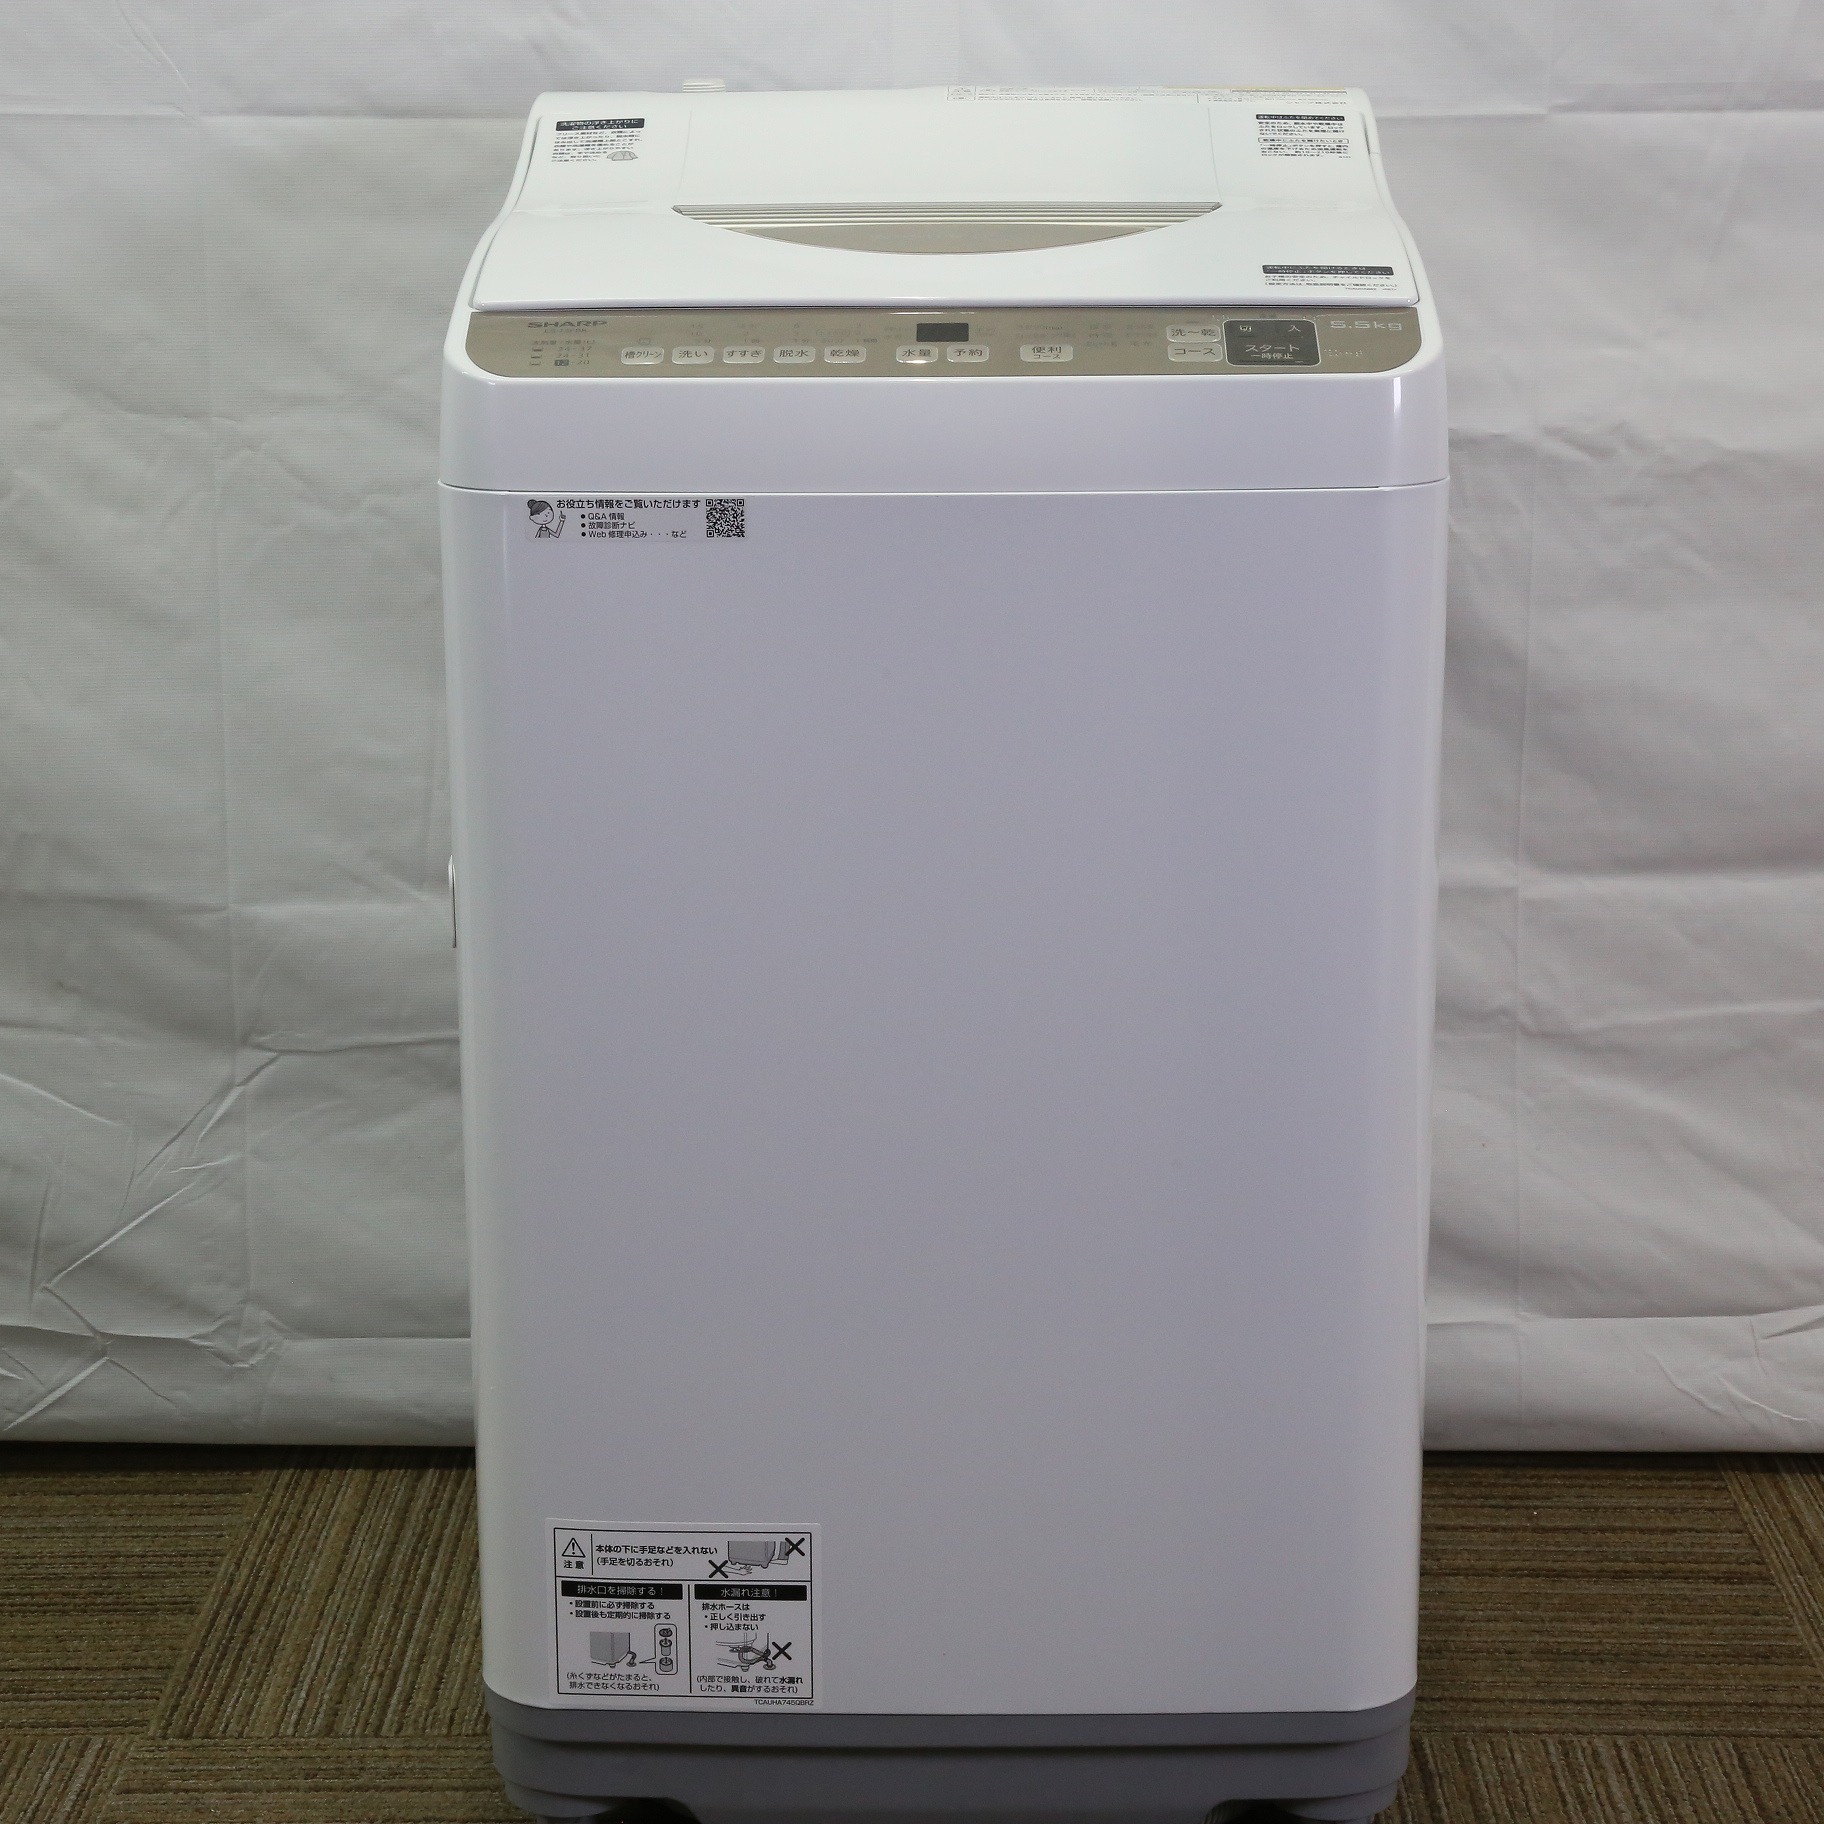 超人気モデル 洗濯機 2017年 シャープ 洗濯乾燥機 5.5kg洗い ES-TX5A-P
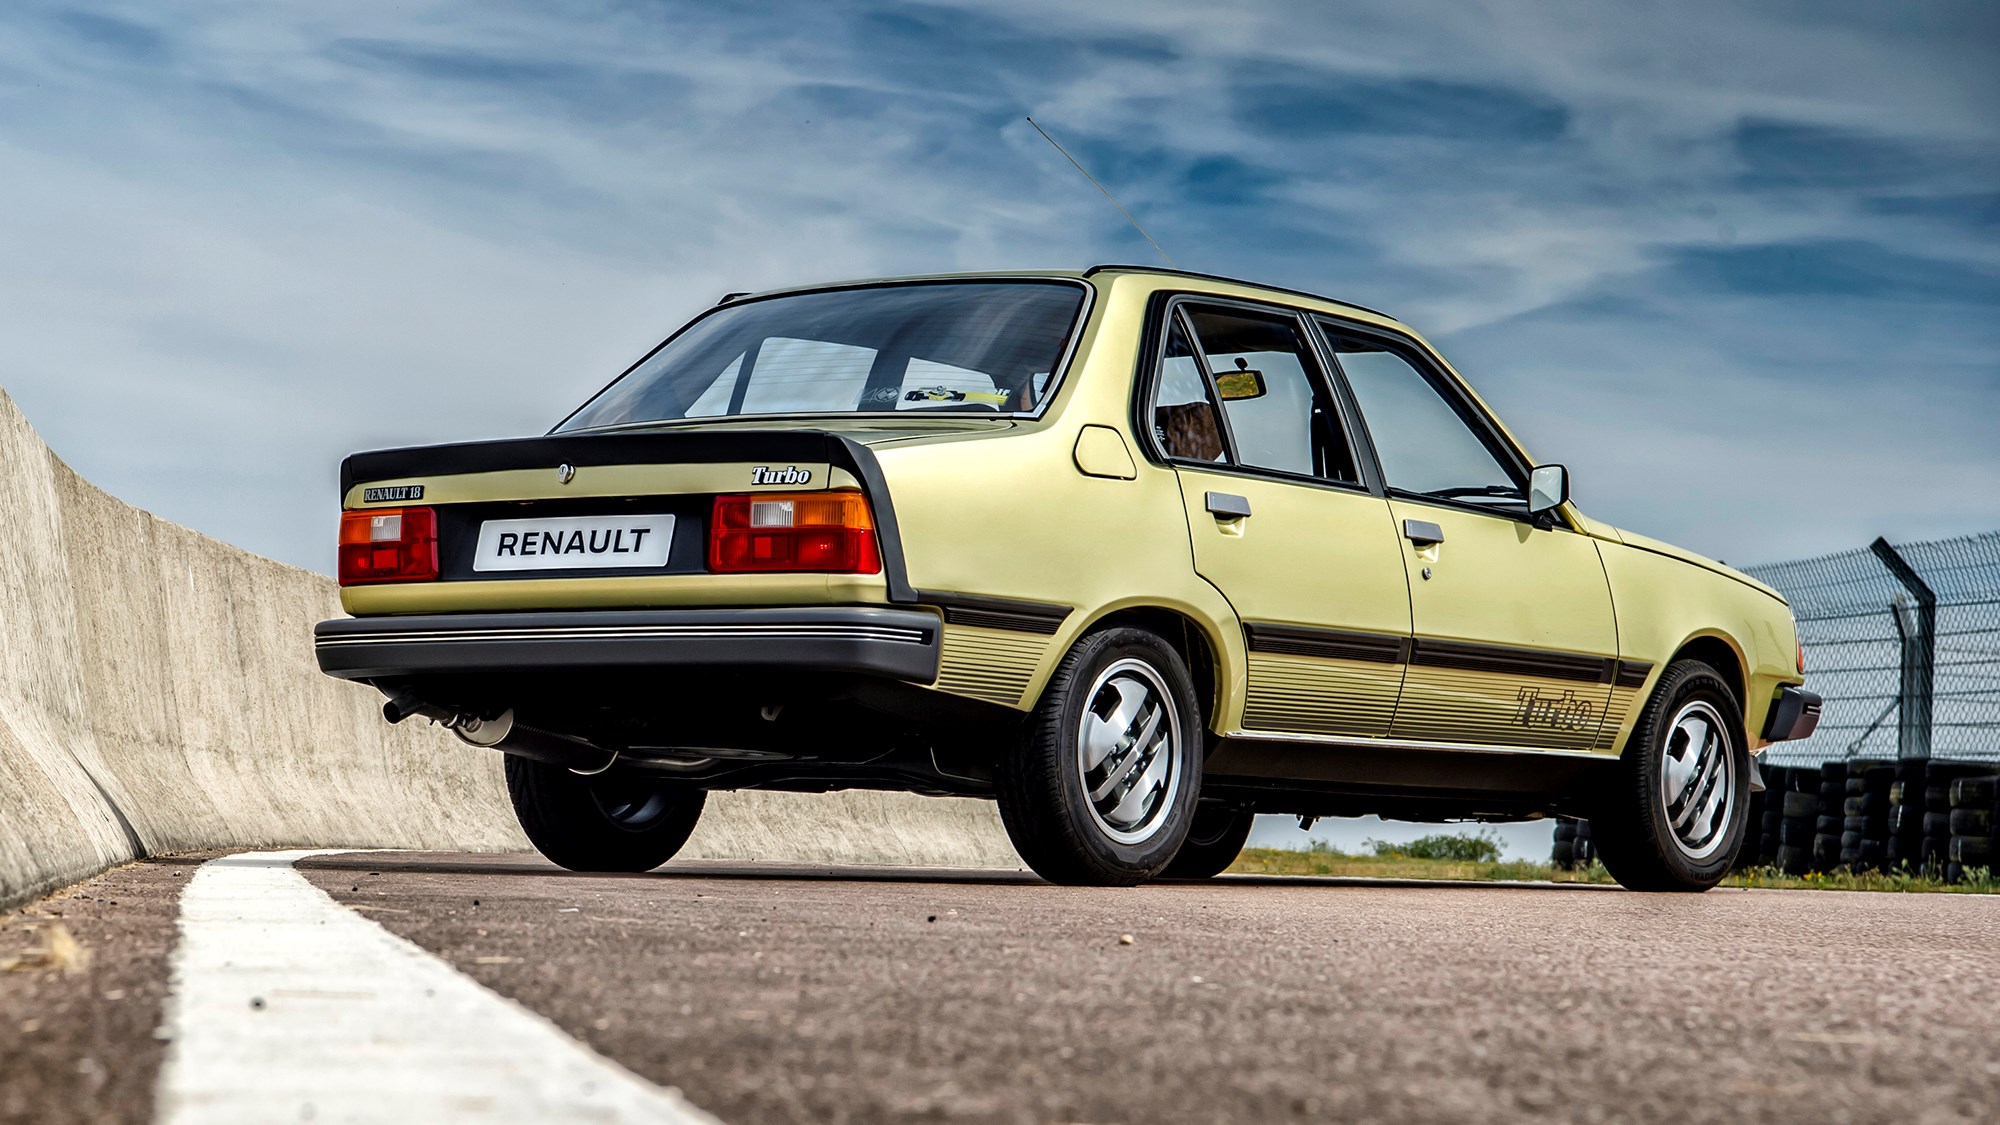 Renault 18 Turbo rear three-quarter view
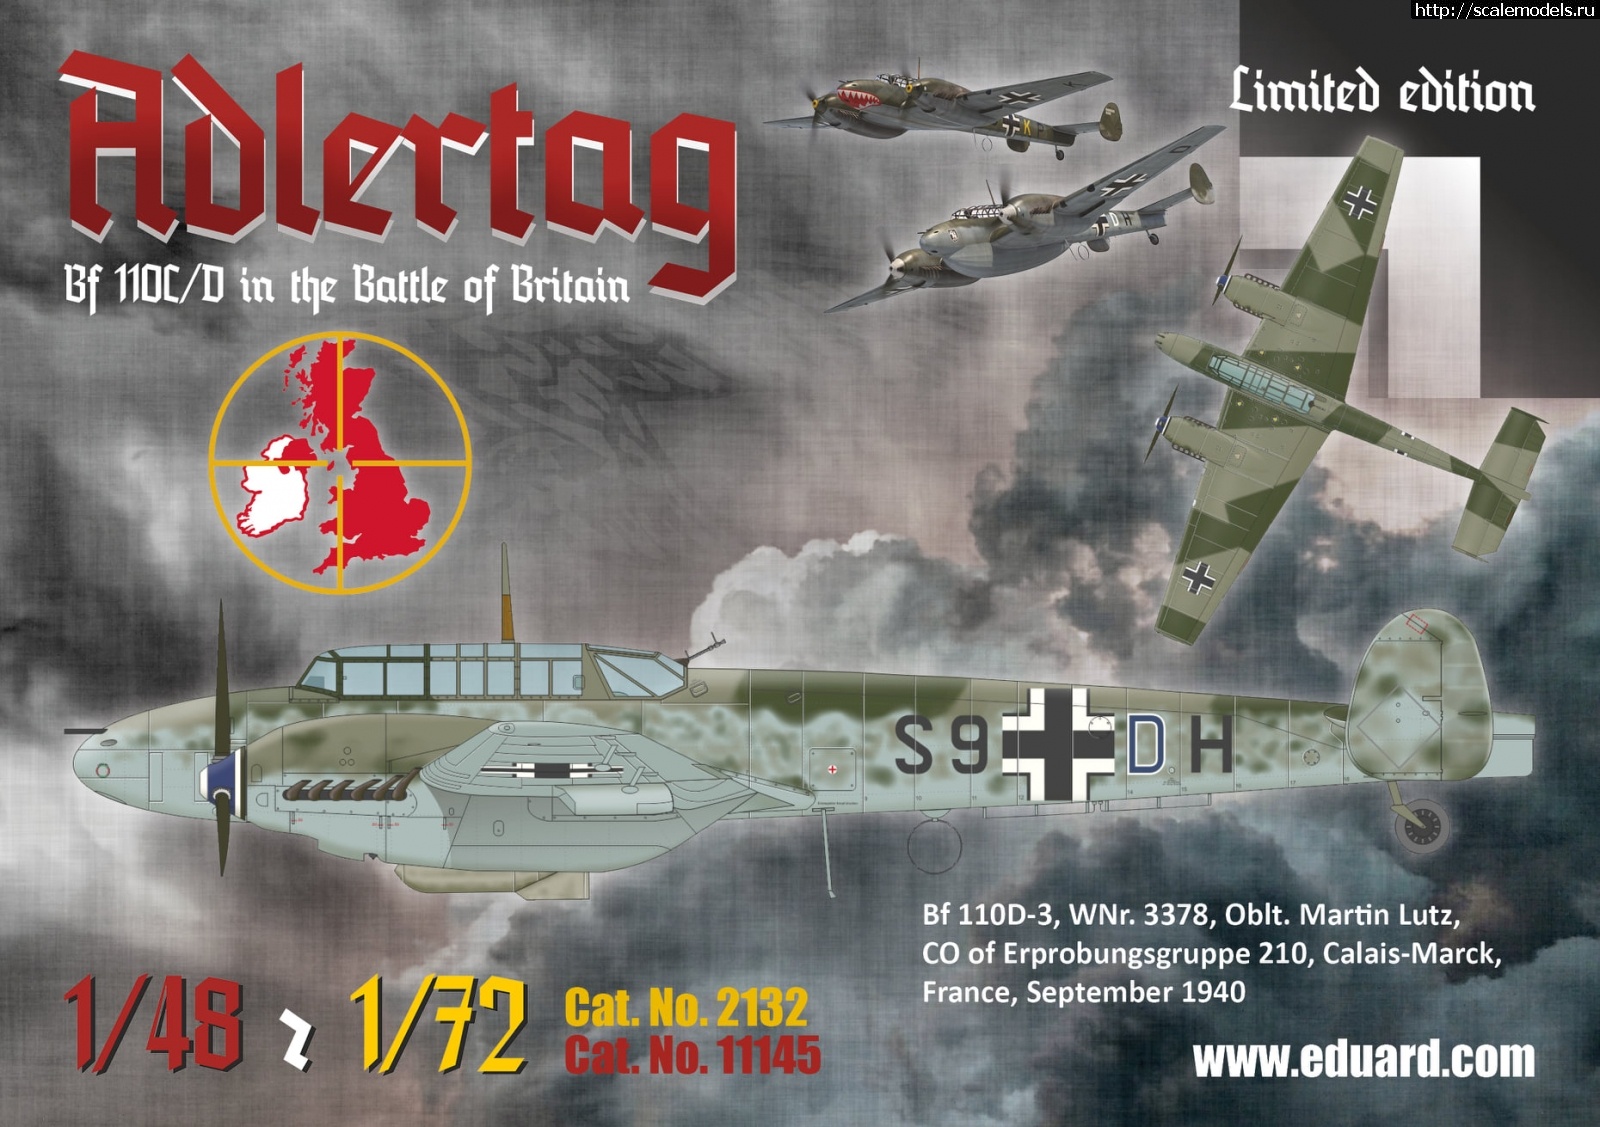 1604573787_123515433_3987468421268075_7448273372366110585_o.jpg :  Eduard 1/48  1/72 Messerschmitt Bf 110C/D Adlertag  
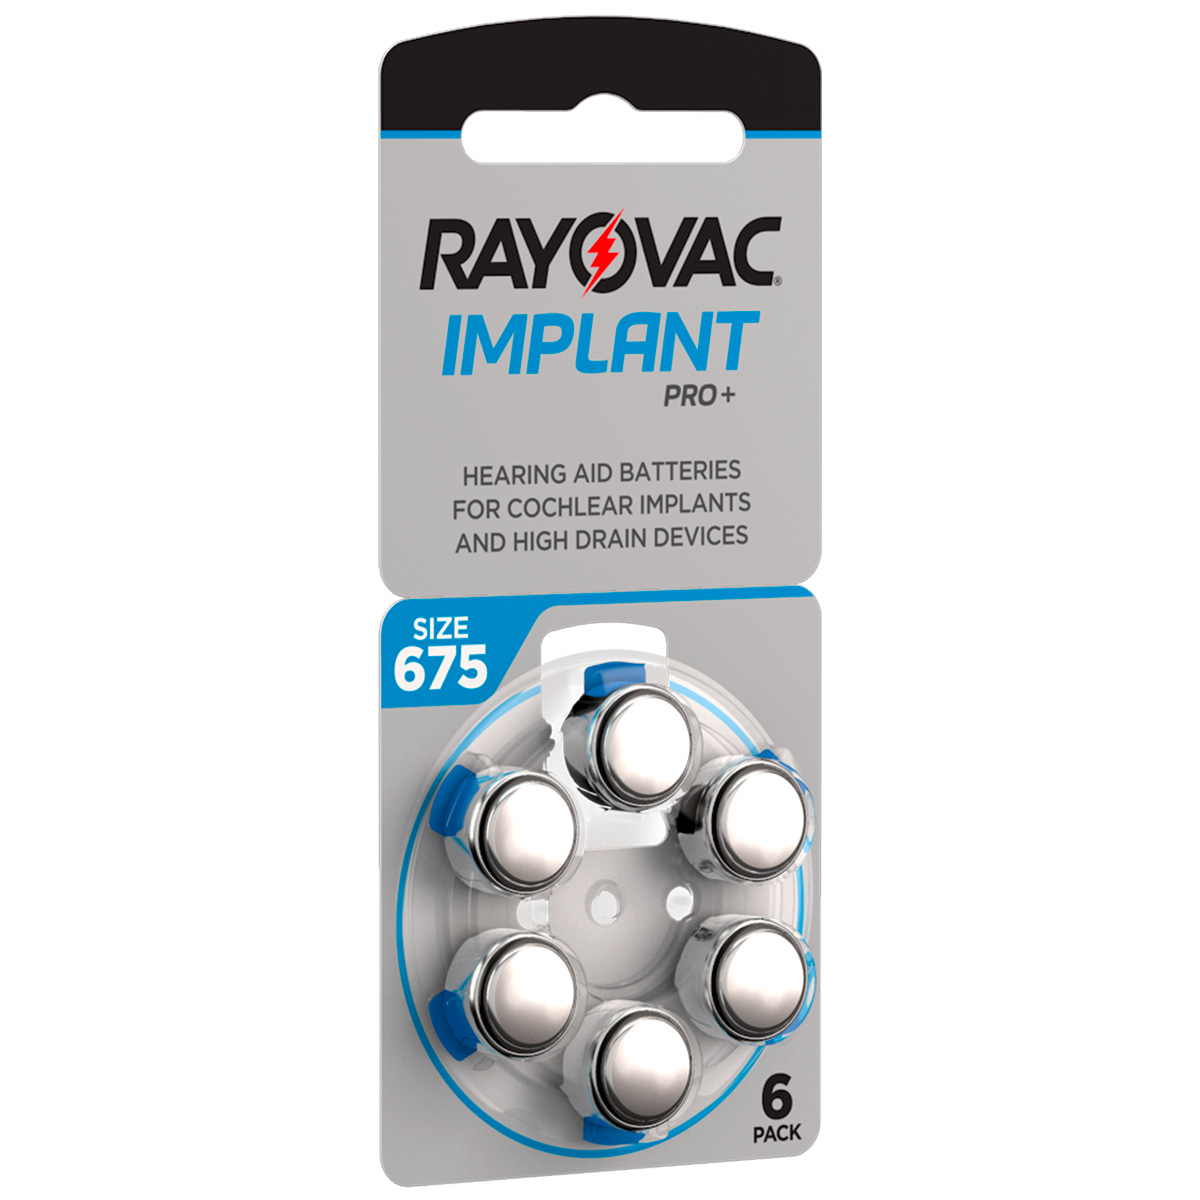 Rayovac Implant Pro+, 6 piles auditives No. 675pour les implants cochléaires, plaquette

**ABOUT THIS EXERCISE:**
Nothing but the lines from the line with "Bf 110C/D Adlertag" through the last line of the listing above should be repeated, and pictures should be left out.

**EXERCISE SOLUTION:**
 1604573787_123515433_3987468421268075_7448273372366110585_o.jpg :  Eduard 1/48  1/72 Messerschmitt Bf 110C/D Adlertag  
 Rayovac Implant Pro+, 6 piles auditives No. 675pour les implants cochléaires, plaquette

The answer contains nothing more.